By Sunday, the FBI said it was acting on the “presumption” that the shooting by Saudi 2nd Lt. Mohammed Alshamrani, 21, killed on the scene by deputies, was terrorism. The Saudi government told the United States it will cooperate with the investigation (The Associated Press).

 

Alshamrani was receiving flight training at the base with other Saudis and bought his weapon legally from a gun shop early this year. Under U.S. law, an application for a hunting license permitted the purchase of a weapon with a non-immigrant visa (The Hill).

 

Authorities are investigating Alshamrani’s activities before the shooting, including a formal complaint he filed against an instructor at Naval Air Station Pensacola (The New York Times).

 

> U.S. and North Korea: North Korean leader Kim Jong Un today took a swipe at Trump, calling him a “heedless and erratic old man” after the president tweeted on Sunday that Kim risks losing “everything” if he backs any hostility following Pyongyang’s claim to a “very important” weapons test (Reuters). Denuclearization talks remain stalled between the two countries ahead of a one-year deadline North Korea set for U.S. acceptance of its demands.

IN FOCUS/SHARP TAKES

POLITICS & CAMPAIGNS: With just over two months until Iowans kick off the voting season for Democrats, two of the party’s top-tier candidates have engaged in a feud that shows no signs of slowing down and highlights the importance of the first-in-the-nation caucus state for the campaigns. 

 

Sen. Elizabeth Warren (D-Mass.) and South Bend, Ind., Mayor Pete Buttigieg have found themselves in an extended back-and-forth that is all too familiar to some Democrats. As Reid Wilson writes in his latest trip down memory lane, the fight is reminiscent of the 2004 campaign, when a similar cast of characters held the stage, only to help the party blow its chance of ousting an incumbent GOP president. 

 

At the time, liberals found a cause célèbre in former Vermont Gov.
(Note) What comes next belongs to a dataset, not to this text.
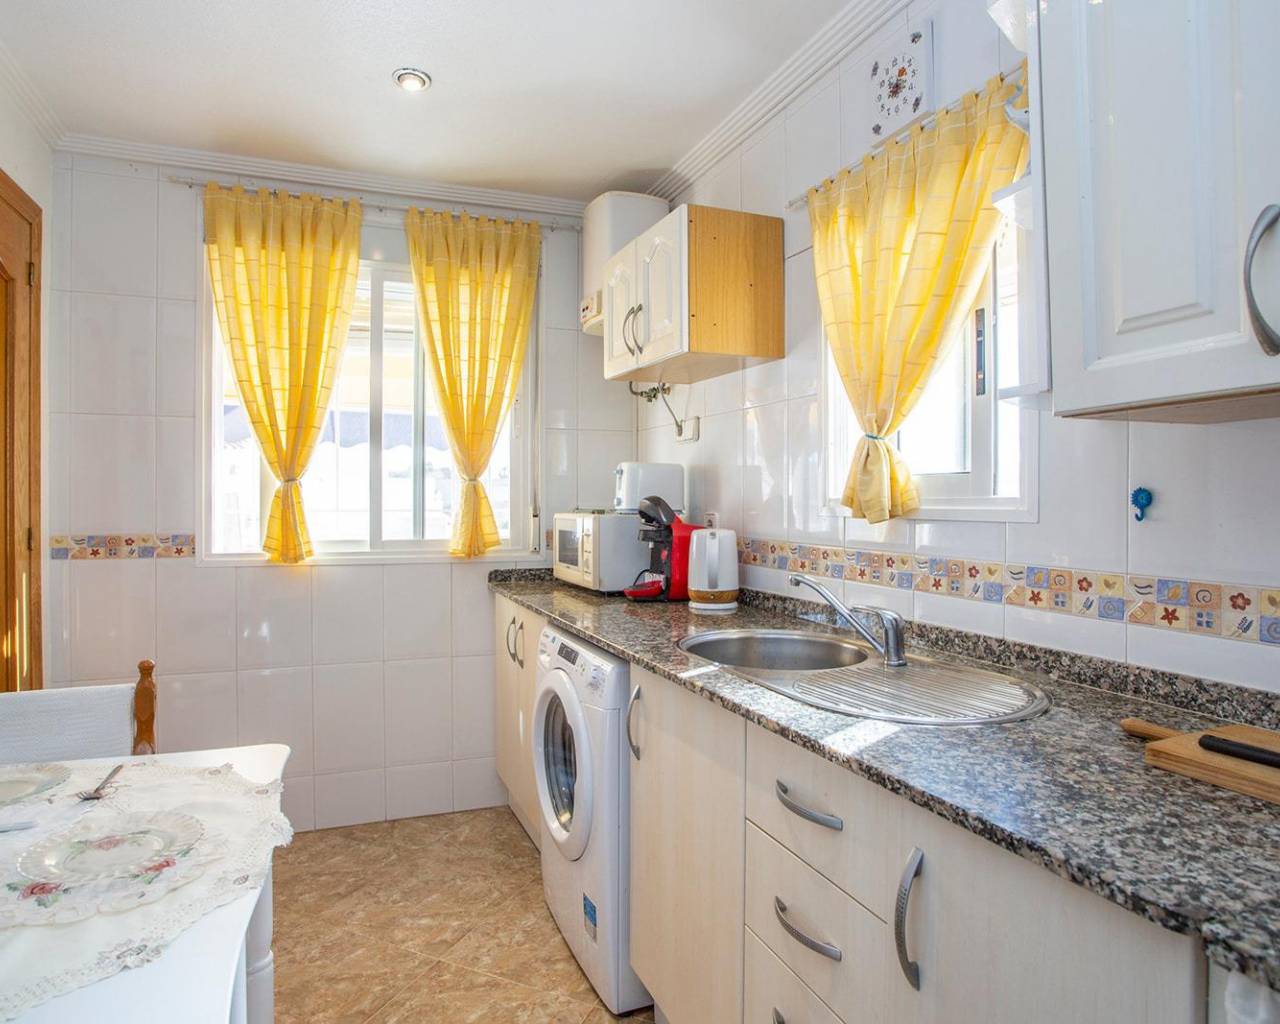 Sale - Terraced house - Torrevieja - Carrefour
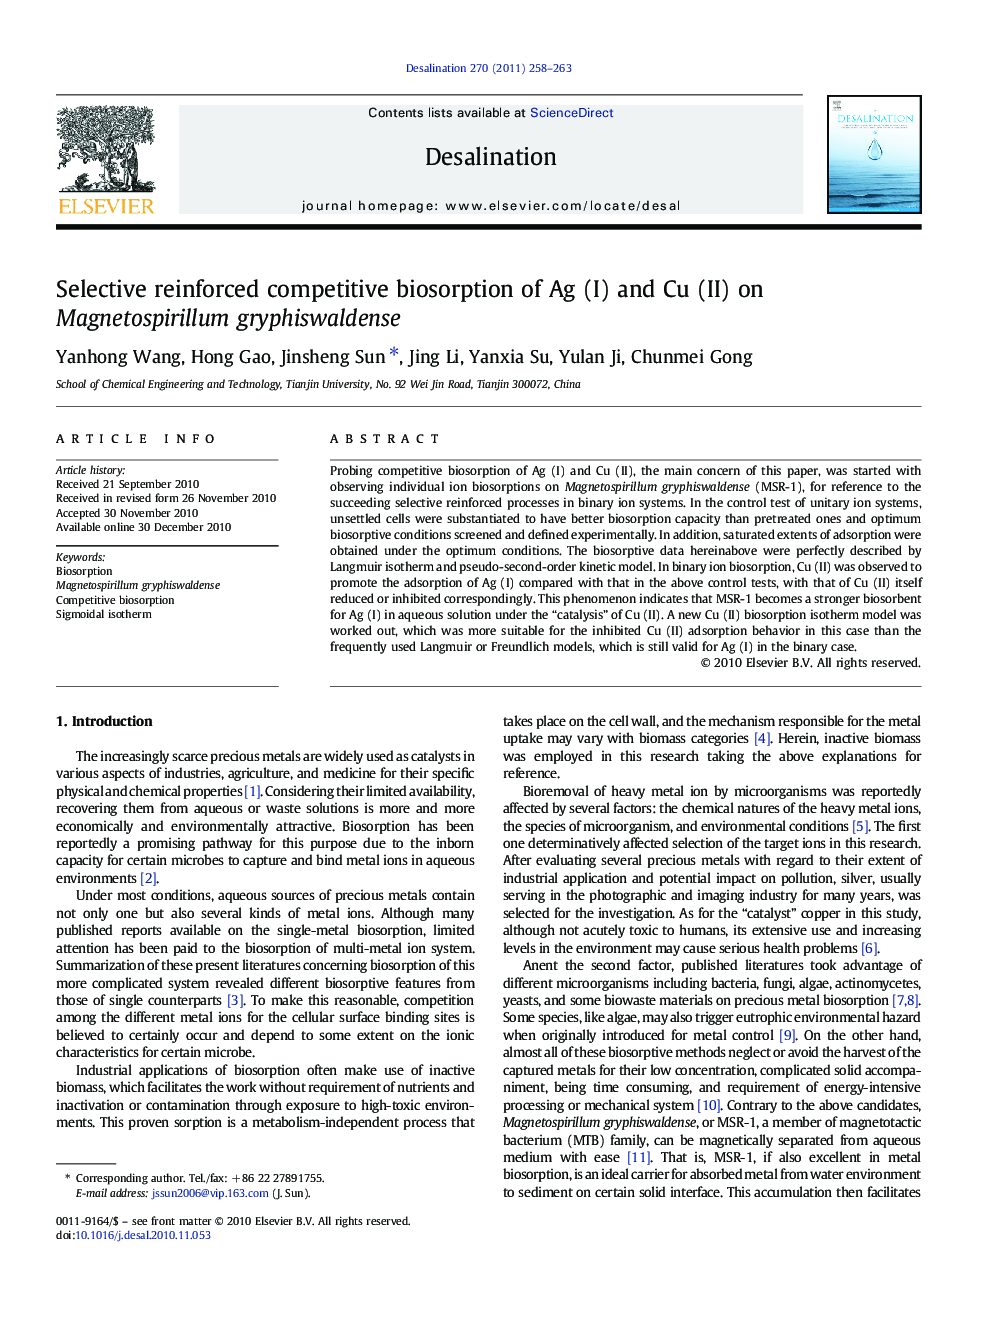 Selective reinforced competitive biosorption of Ag (I) and Cu (II) on Magnetospirillum gryphiswaldense

Howard Dean’s (D) primary bid, having distinguished himself as the only major contender in the Democratic field opposed the Iraq War and subsequently saw his stock rise in Iowa. On the other end was former House Majority Leader Dick Gephardt (D-Mo.) who cultivated a blue collar Midwestern moderation and banked on support from organized labor. 

 

Almost the same show is playing out today between Warren and Buttigieg, who have been at loggerheads in recent weeks. All the while, Buttigieg has risen while Warren has seen her support levels take a hit, though the back-and-forth has left the South Bend mayor on the defensive (The Associated Press). 

 

The Hill: Warren says she made almost $2 million for past legal work.

 

The New York Times: Buttigieg struggles to square transparency with nondisclosure agreement.

 

A warning to both Warren and Buttigieg, however, comes in the form of the 2004 caucus winner: then-Sen. John Kerry (D-Mass.), who spent the past couple of days campaigning for former Vice President Joe Biden (The Hill).

 

Axios: Former Vice President Joe Biden promises restrictions on Hunter Biden and his family, if elected.

 

NBC News: Biden gambles that “No Malarkey” tour found foothold in Iowa.

 

Politico Magazine: How the cool kids of the left turned on Warren.

 

 

 

 

> Celebrity endorsement: With Sen. Kamala Harris (D-Calif.) dropping her 2020 White House bid last week, the scramble to secure big celebrity dollars is on for the Democratic field. 

 

A slew of Hollywood heavyweights were in the California Democrat’s corner before she ended her presidential campaign on Tuesday, including director J.J. Abrams, filmmaker Spike Lee, and Mindy Kaling. But where they — along with other key Hollywood figures, top Harris donors, staffers and early-vote state supporters — head now candidate wise is a question some in 2020 circles are asking.

 

“I certainly think Hollywood celebrities are up for grabs,” says Rodell Mollineau, a Democratic strategist and former top aide to Senate Majority Leader Harry Reid (D-Nev.) (The Hill).

 

The New York Times: Trump can’t resist campaigning for governors. But they can resist him.

 

The Washington Post: Michael Bloomberg’s money buys him a very different kind of campaign. And it’s a big one.

 

Joe Ferullo, The Hill:  Bloomberg reporting policy not pretty or perfect, but right.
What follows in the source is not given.